Sleep apnoea and other disorders


27 July 2020

Elderly couple walking and talking

Find your Feelgood Health

At AXA Health, we know that everyone’s journey to Feelgood Health is different. Discover more ways to boost your body and mind in a way that suits you on our hub.

Find your feelgood health

As a nation we’re not getting enough sleep. According to The Sleep Council, more than 19% of us go to bed after midnight,1 meaning we’re unlikely to be getting the recommended 6-9 hours a night, especially if we’re getting up early for work. For some of us though, it’s a sleep disorder that’s keeping us awake. Insomnia, for example, affects around 37% of the UK adult population and the more alarming condition obstructive sleep apnoea (OSA) affects an estimated 1.5 million or nearly 8% of adults in the UK, according to a report from the British Lung Foundation.2

But what is a sleep disorder and what are the different types that can affect some people? We’re exploring some of the most common sleep disorders and the treatments recommended for each.

What is a sleep disorder?

Sleep coach Carolyn Burke from The Sleep Advisor, reports that 16 million adults are suffering from sleep problems.3 At some point in our lives we may all experience a lack of sleep and can put it down to stress, travel, a new baby or other disruption in our normal routine. But when it’s a regular occurrence and it interferes with your daily life, you may be suffering with a sleep disorder.

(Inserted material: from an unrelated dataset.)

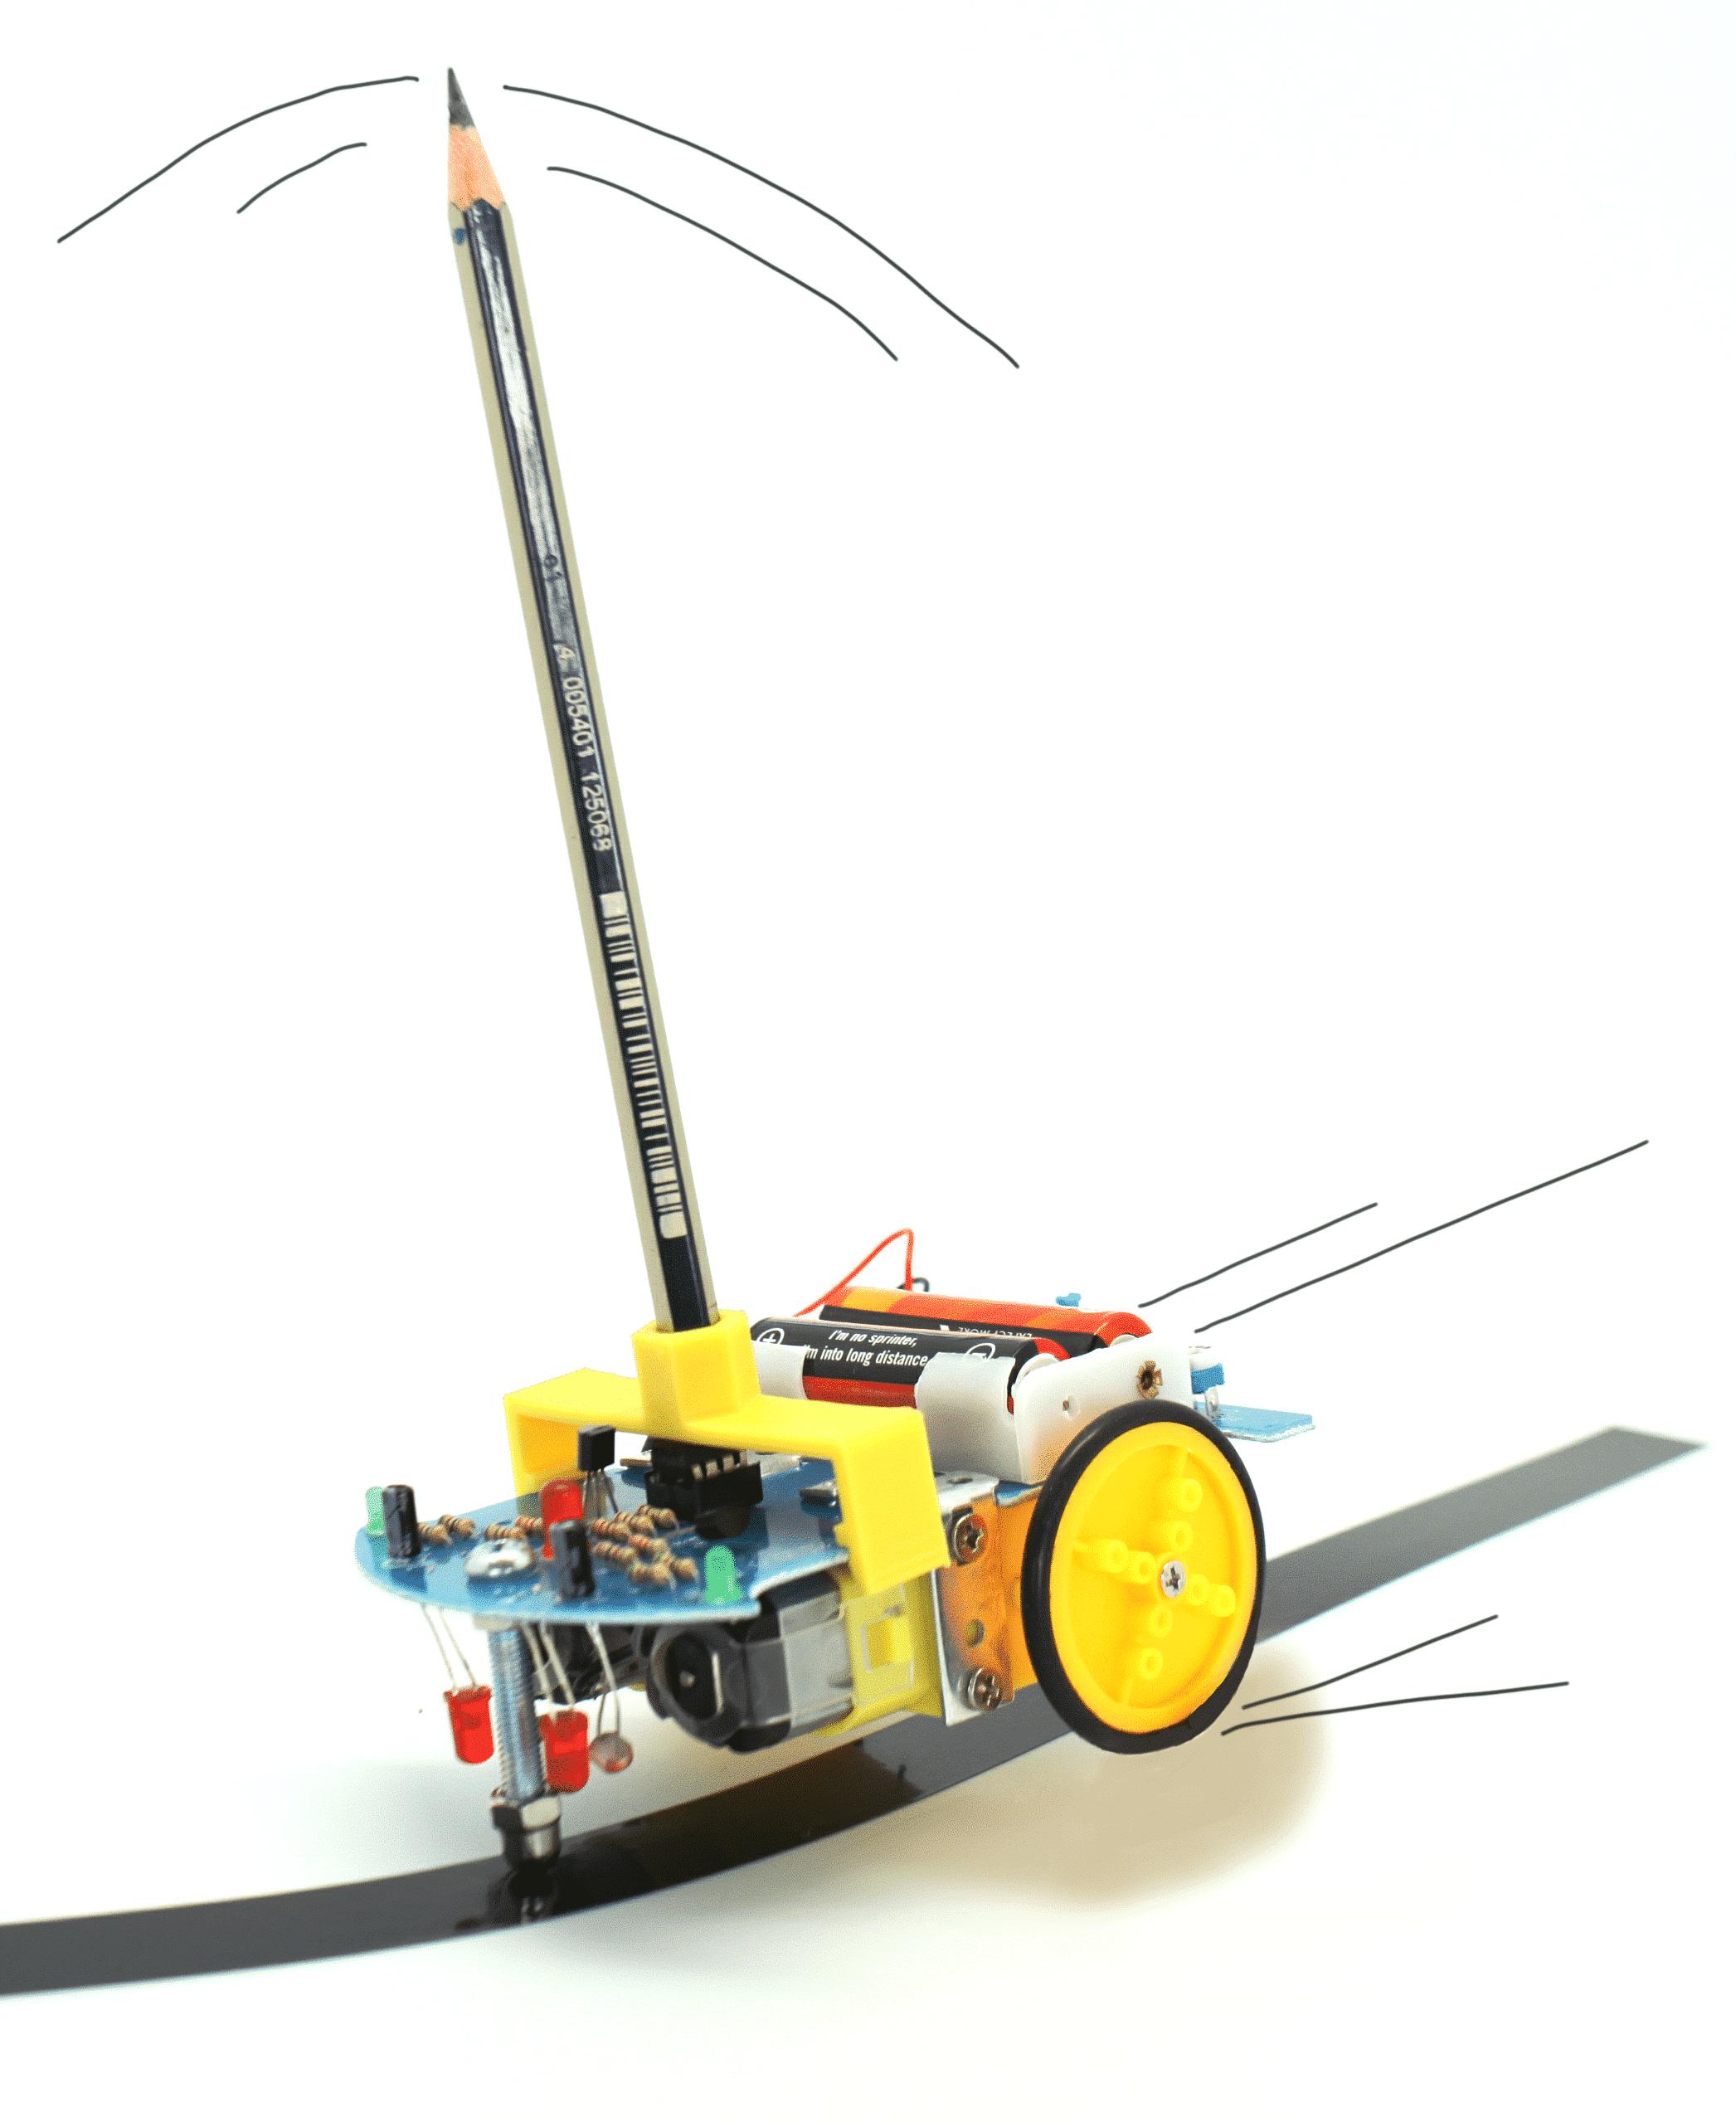 EDU-STEM-Kit-Tracer-Racer
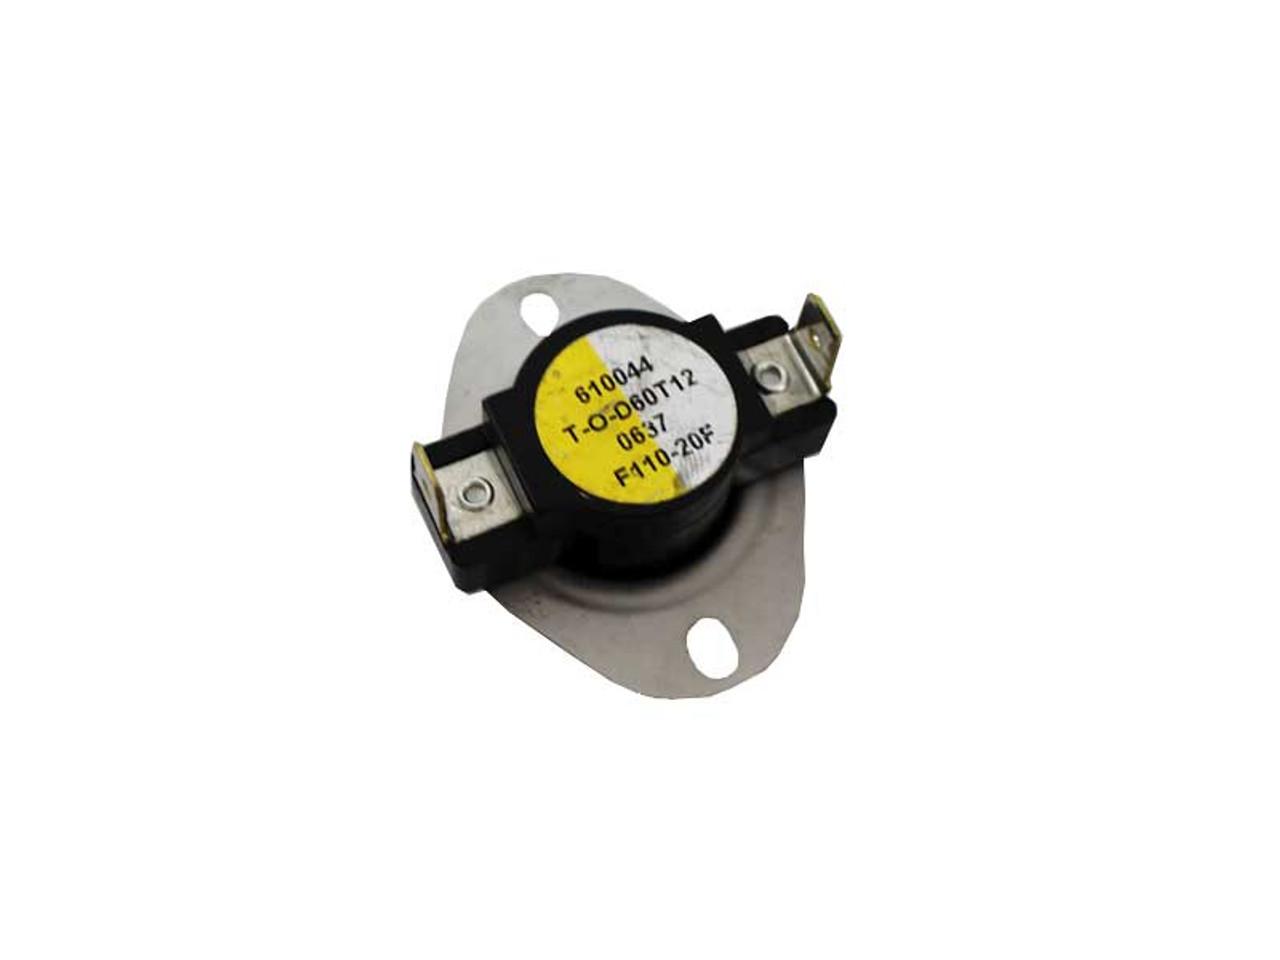 Harman Fan Limit Switch -110 (13-1126)

A sleep disorder is a condition that frequently impacts your ability to get enough quality sleep. While it’s normal to occasionally experience difficulties sleeping, it’s not normal to regularly have problems getting to sleep at night, to wake up feeling exhausted, or to feel sleepy during the day.

How sleep disorders affect your health

Short term effects of a lack of sleep can cause irritability, trouble focusing and decision making and feeling sluggish throughout the day. It can also affect your memory. And the long term, cumulative effects can be more serious. Says AXA Health Physiologist, Daniel Craig, “untreated sleep disorders can result in more than half of the leading causes of death, including cardiovascular disease, diabetes and hypertension.”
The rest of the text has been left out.